Reproduce the lines below verbatim. Pictures are to be omitted.
** Opening SOURCE MATERIAL block **
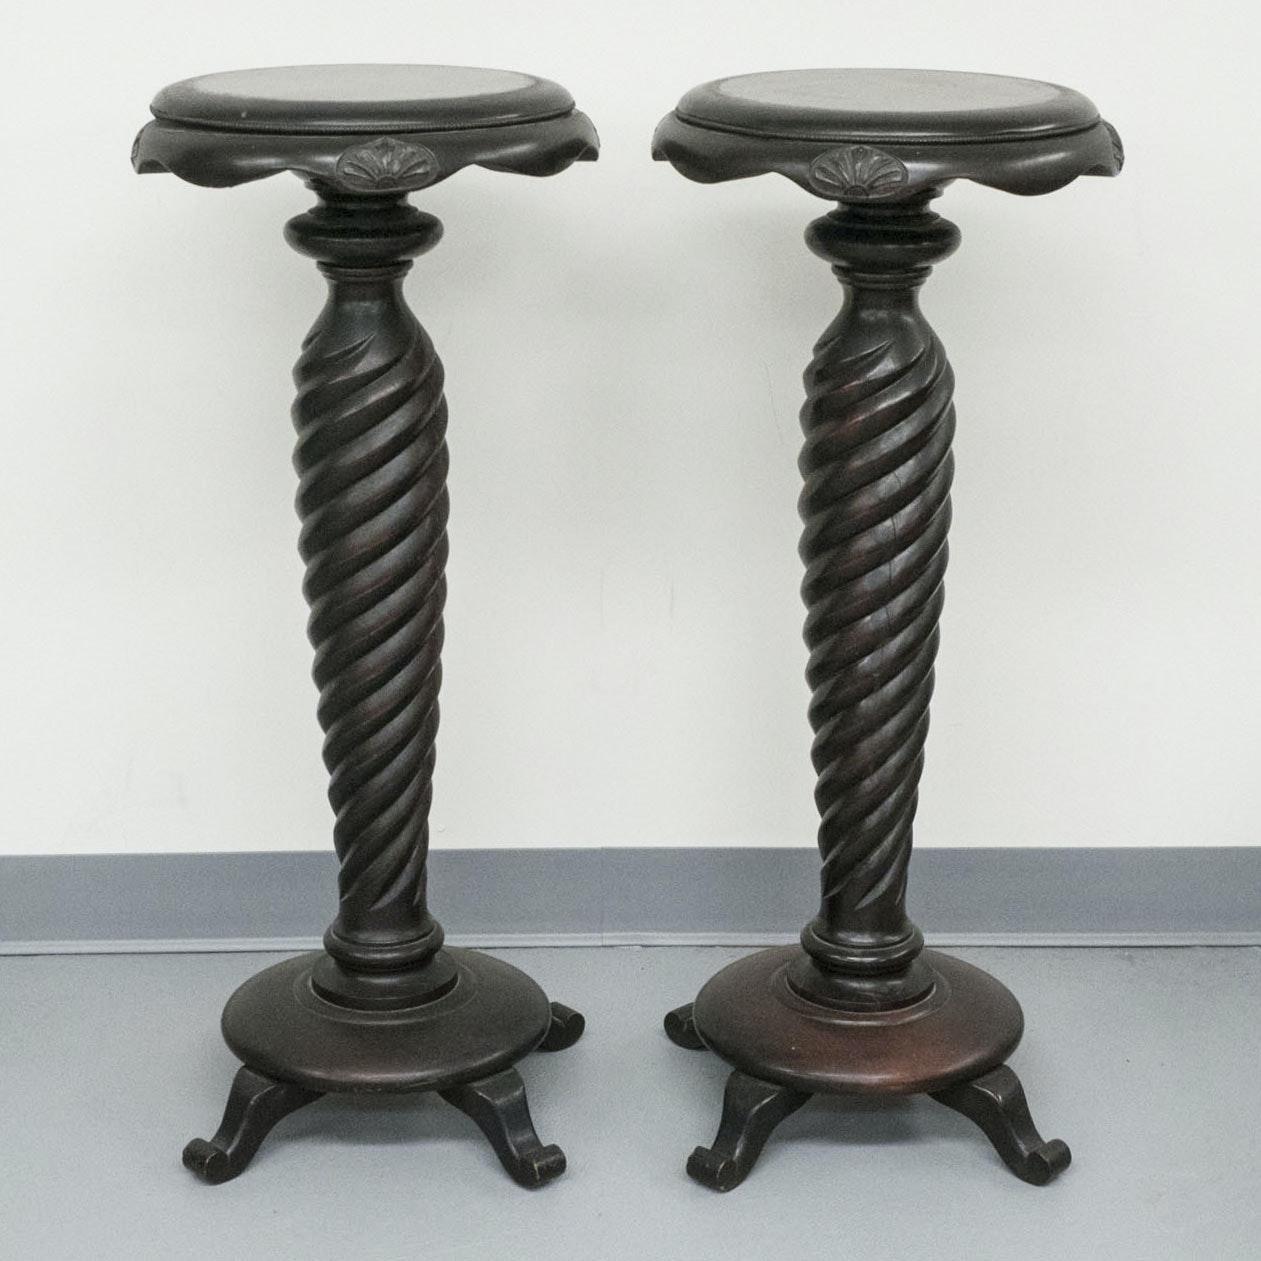 Vintage Barley Twist Pedestal Stands
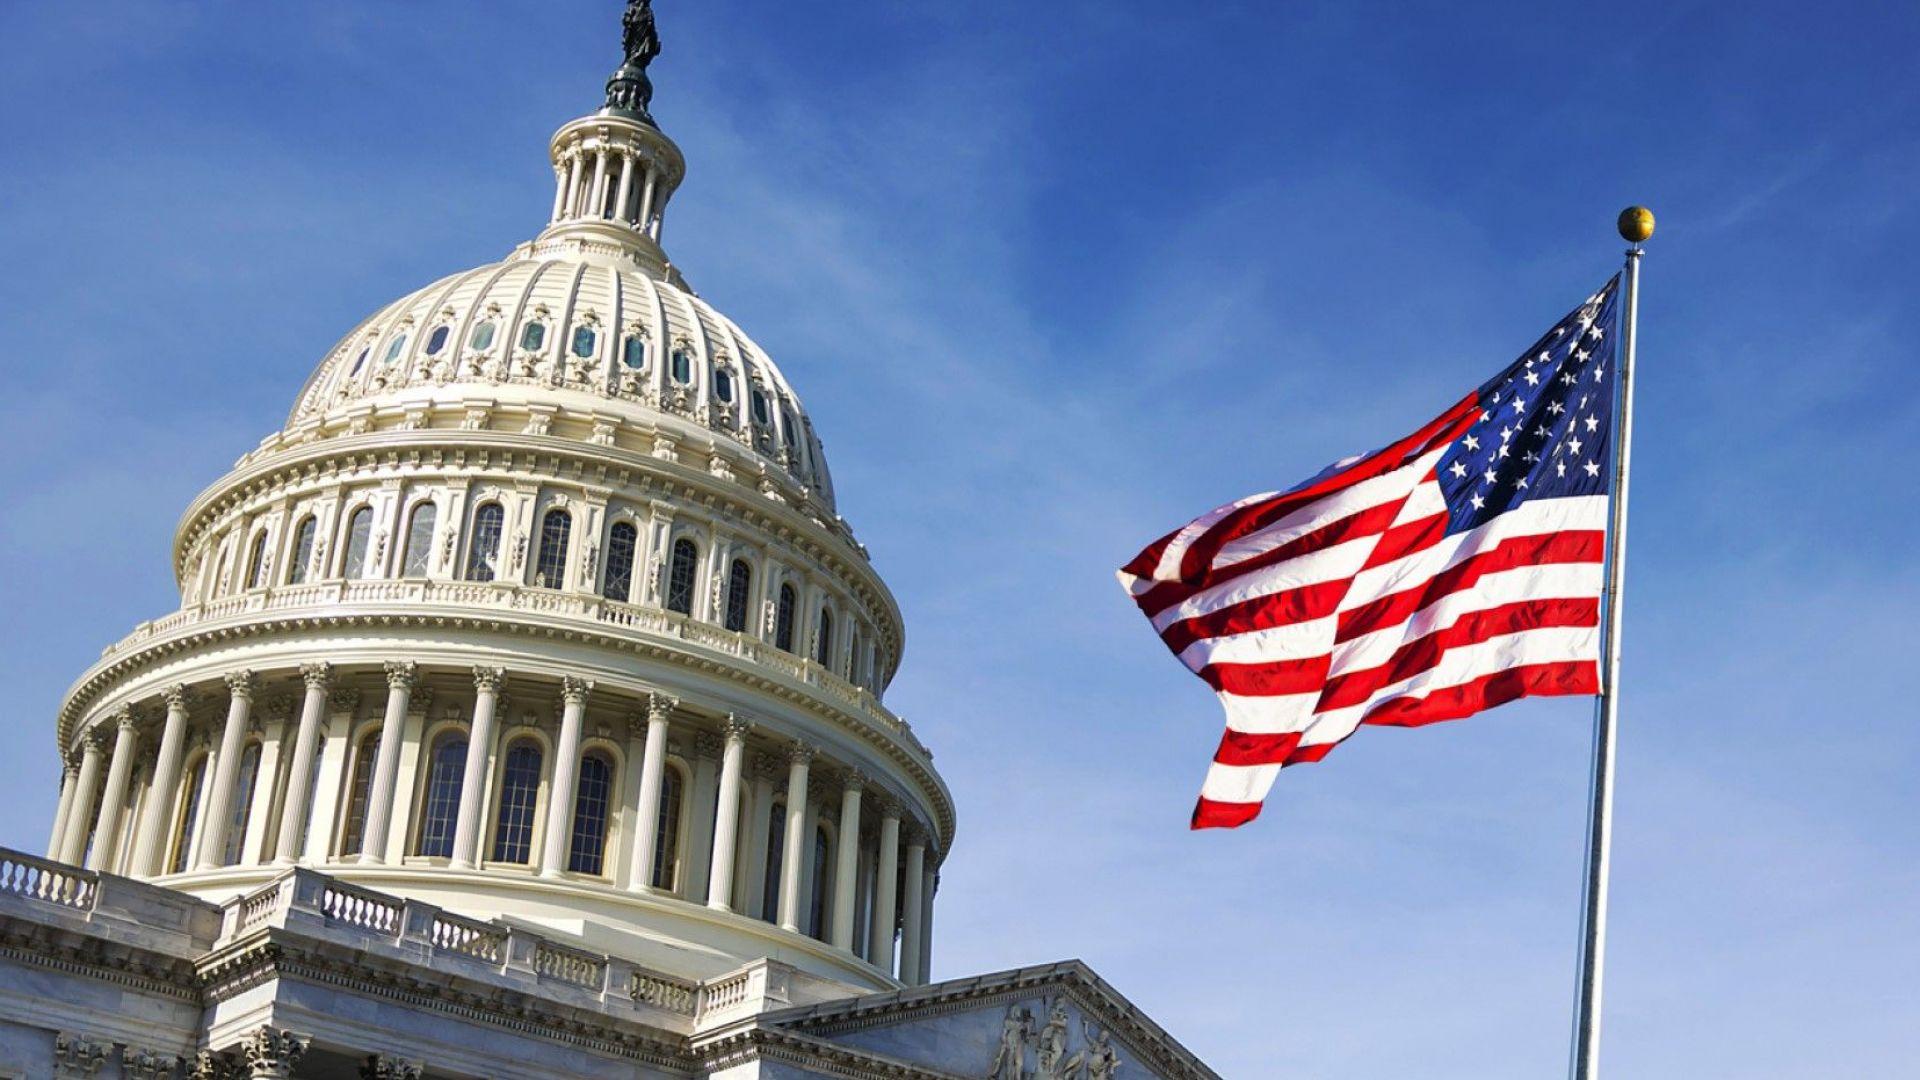 САЩ приеха законопроект за санкции срещу Китай заради правата на уйгурите
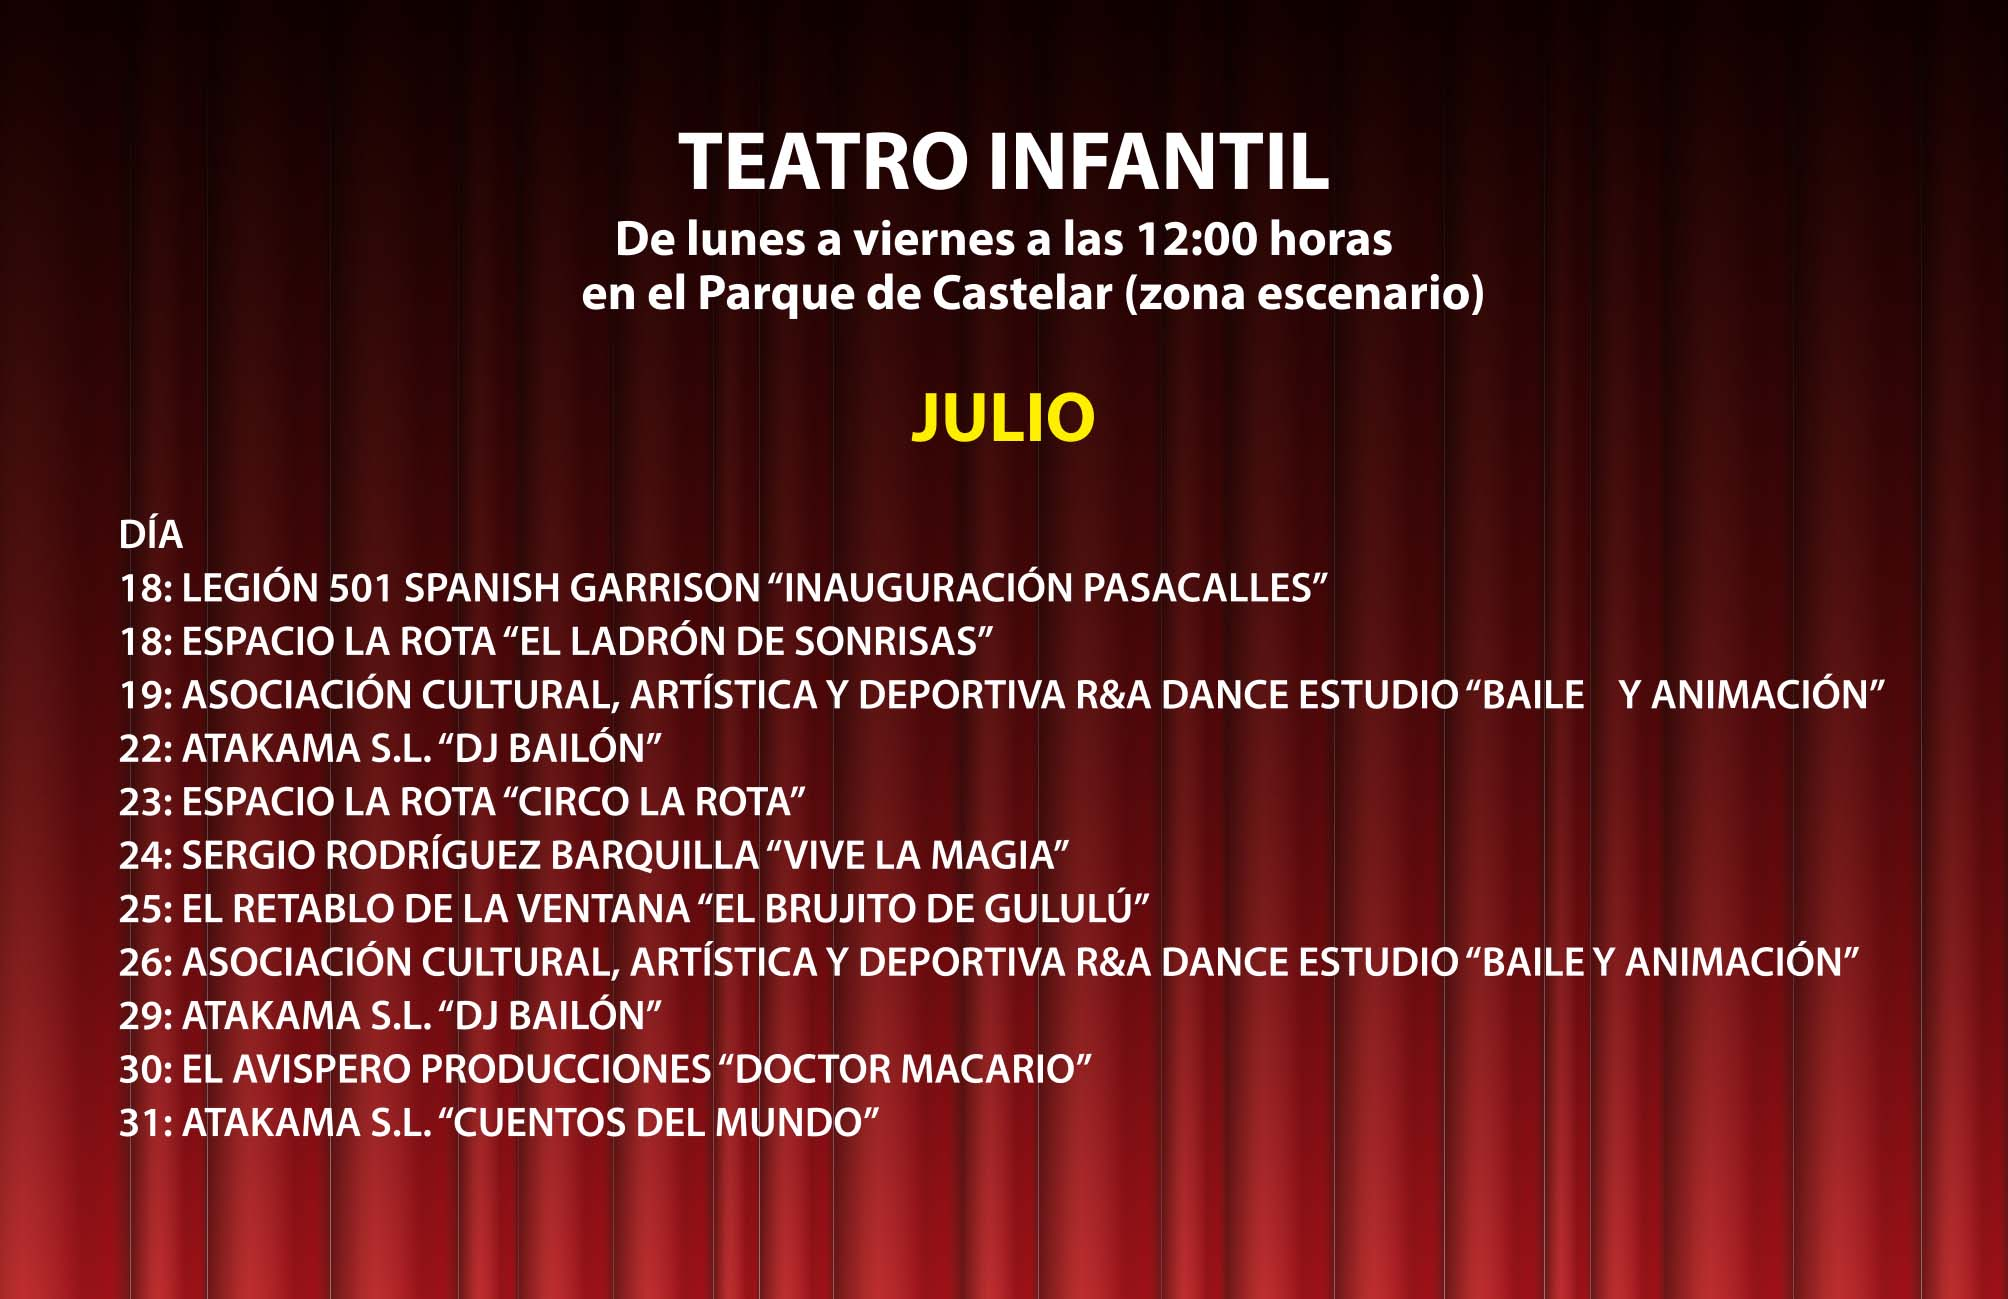 programa_vive_el_verano_2019-culba-018
** Closing SOURCE MATERIAL block **
SOLUTION FOR THIS TASK
 Vintage Barley Twist Pedestal Stands
 САЩ приеха законопроект за санкции срещу Китай заради правата на уйгурите
 programa_vive_el_verano_2019-culba-018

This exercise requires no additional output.